Chapitre 16

Le Grand Maréchal se dirige enfin vers le nord pour conquérir le Hu !

À la fin de la dynastie Jin, durant la période de répression de la rébellion, le Grand Maréchal, en tant qu'hégémon du sud, pénétra dans le nord, rompant ainsi la tradition millénaire selon laquelle seules les dynasties qui s'étaient déplacées vers le nord s'étaient déplacées vers le sud.

À cette époque, un empereur émergera de la famille Xie !

en même temps.

Sous la dynastie des Cinq Jin, Si Bo Gongzheng résidait dans le manoir de la famille Xie. À la porte du manoir, des messagers à cheval s'arrêtaient pour transmettre les ordres impériaux.

Si Bogong envoya quelqu'un remettre la lettre. Après l'avoir lue, il rassembla rapidement les deux mille hommes amenés par Xie Shangguang et se dirigea vers les quatre comtés que Xie Guang avait presque entièrement massacrés.

Le septième jour.

En tant qu'émissaire chargé de persuader les autres, Si Bogong envoya secrètement un serment d'allégeance à diverses villes de Tianjin.

Ce serment de loyauté se répandit rapidement après son entrée à Tianjin.

Pendant ce temps, dans la principale ville de Tianjin.

Huang Mang occupa le palais pendant une année entière, transformant toutes les anciennes concubines impériales en femmes captives, dont il pouvait abuser à sa guise.
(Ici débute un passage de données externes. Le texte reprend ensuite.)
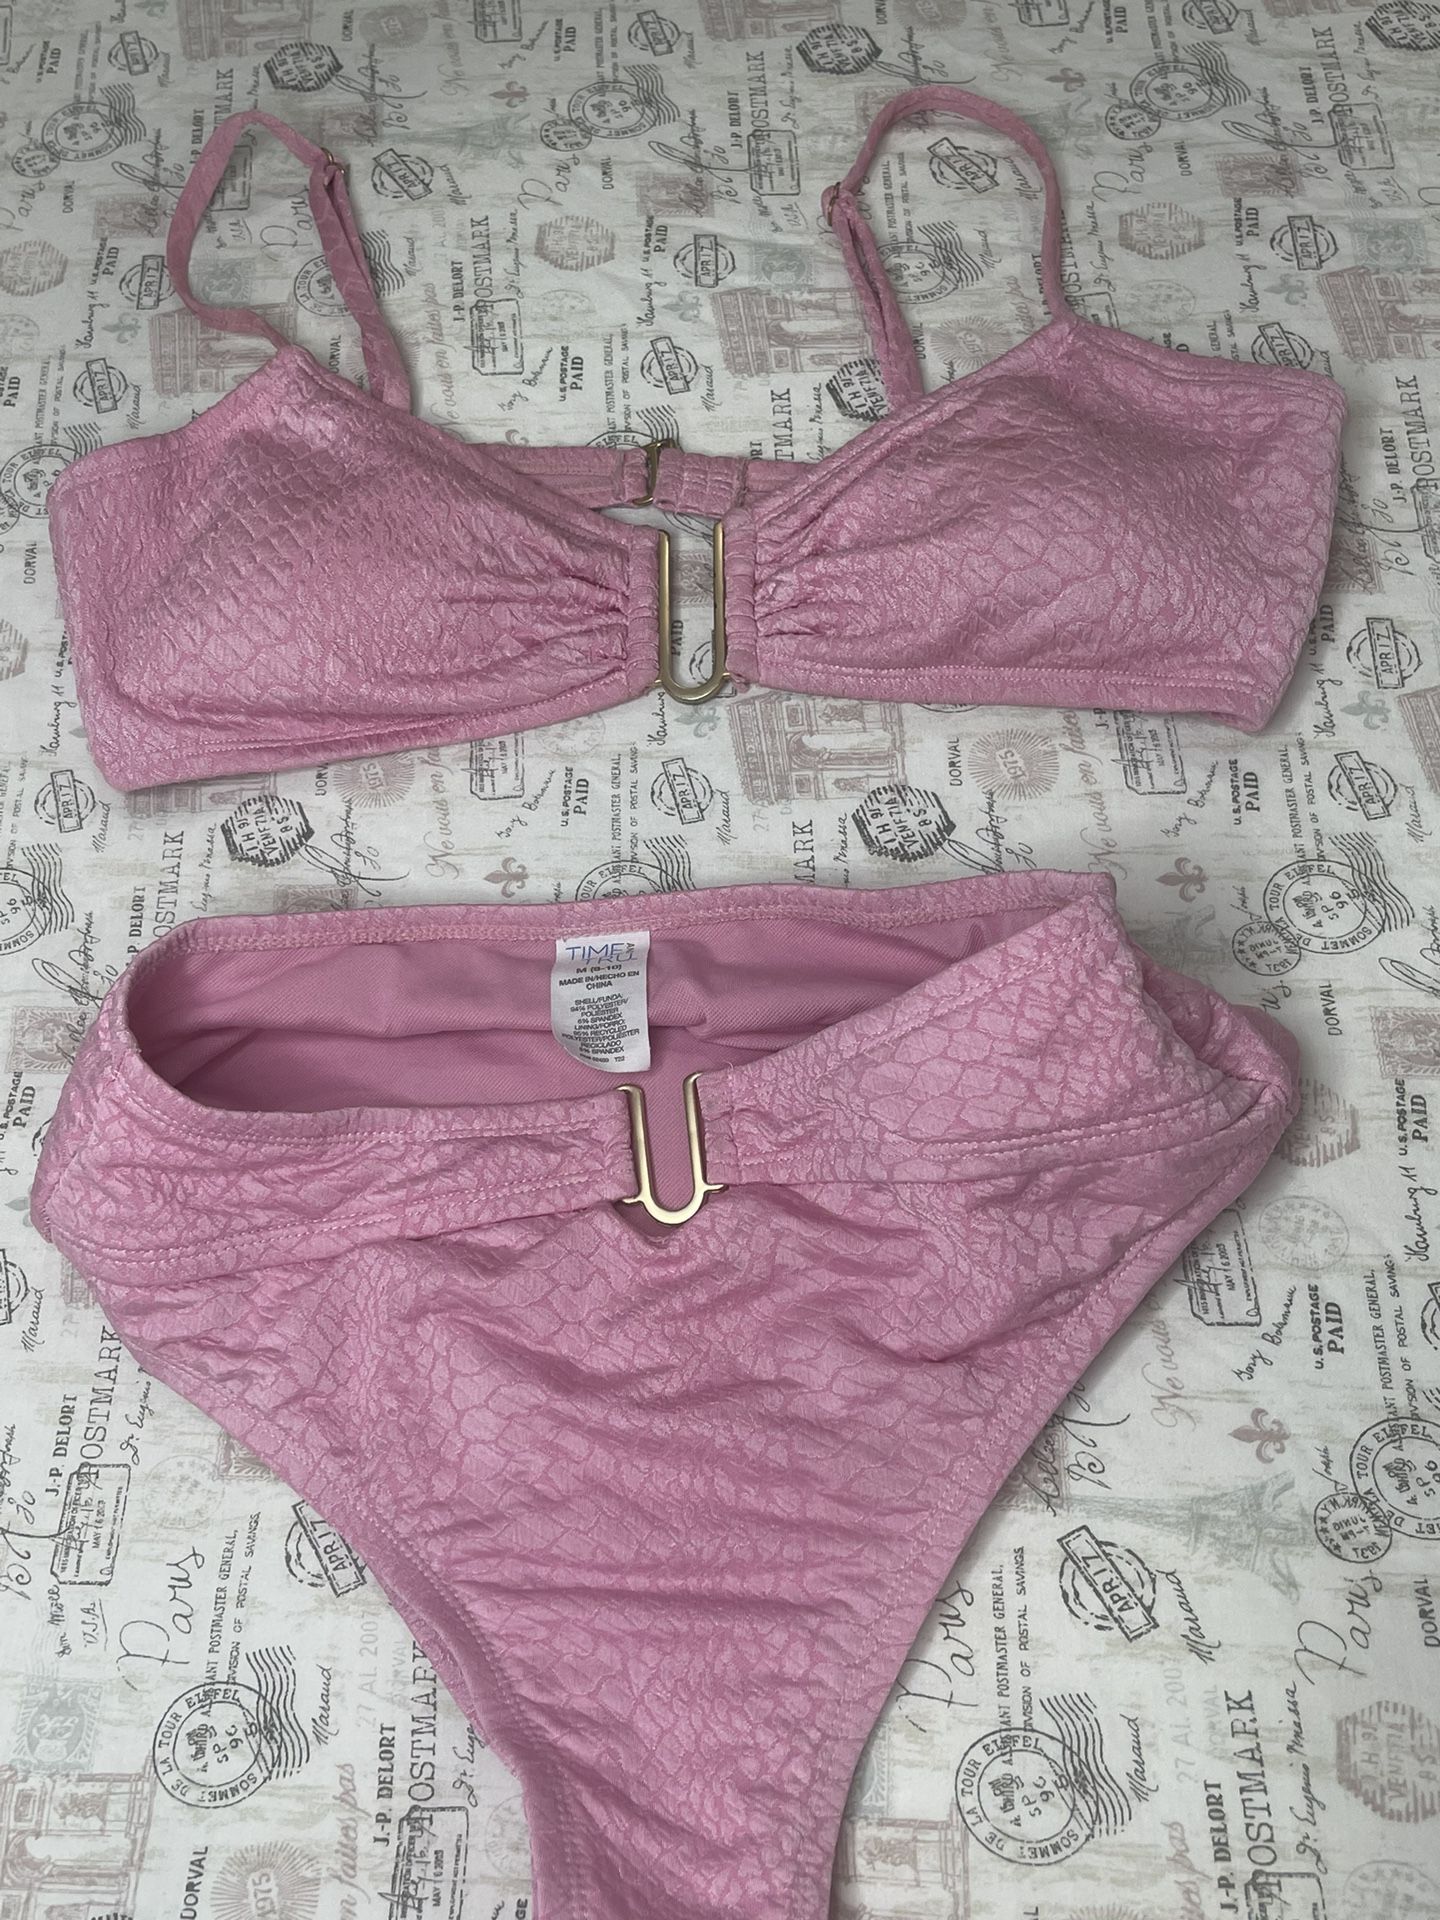 Sexy Pink Swimwear Size Medium Bikini Tanguista

Lorsqu'il s'en lassait, il les livrait à ses subordonnés, qui les déshabillaient et les vendaient au marché aux esclaves, les vidant de leur substance.

Après la conquête de quatre comtés par Xie Guang et le massacre des troupes Huang qui s'y trouvaient, les forces Huang à Tianjing furent prises de panique. Pendant ce temps, celui-là même qui avait déclenché la guerre se prélassait encore dans l'étreinte passionnée du dragon. Leurs corps étaient enlacés.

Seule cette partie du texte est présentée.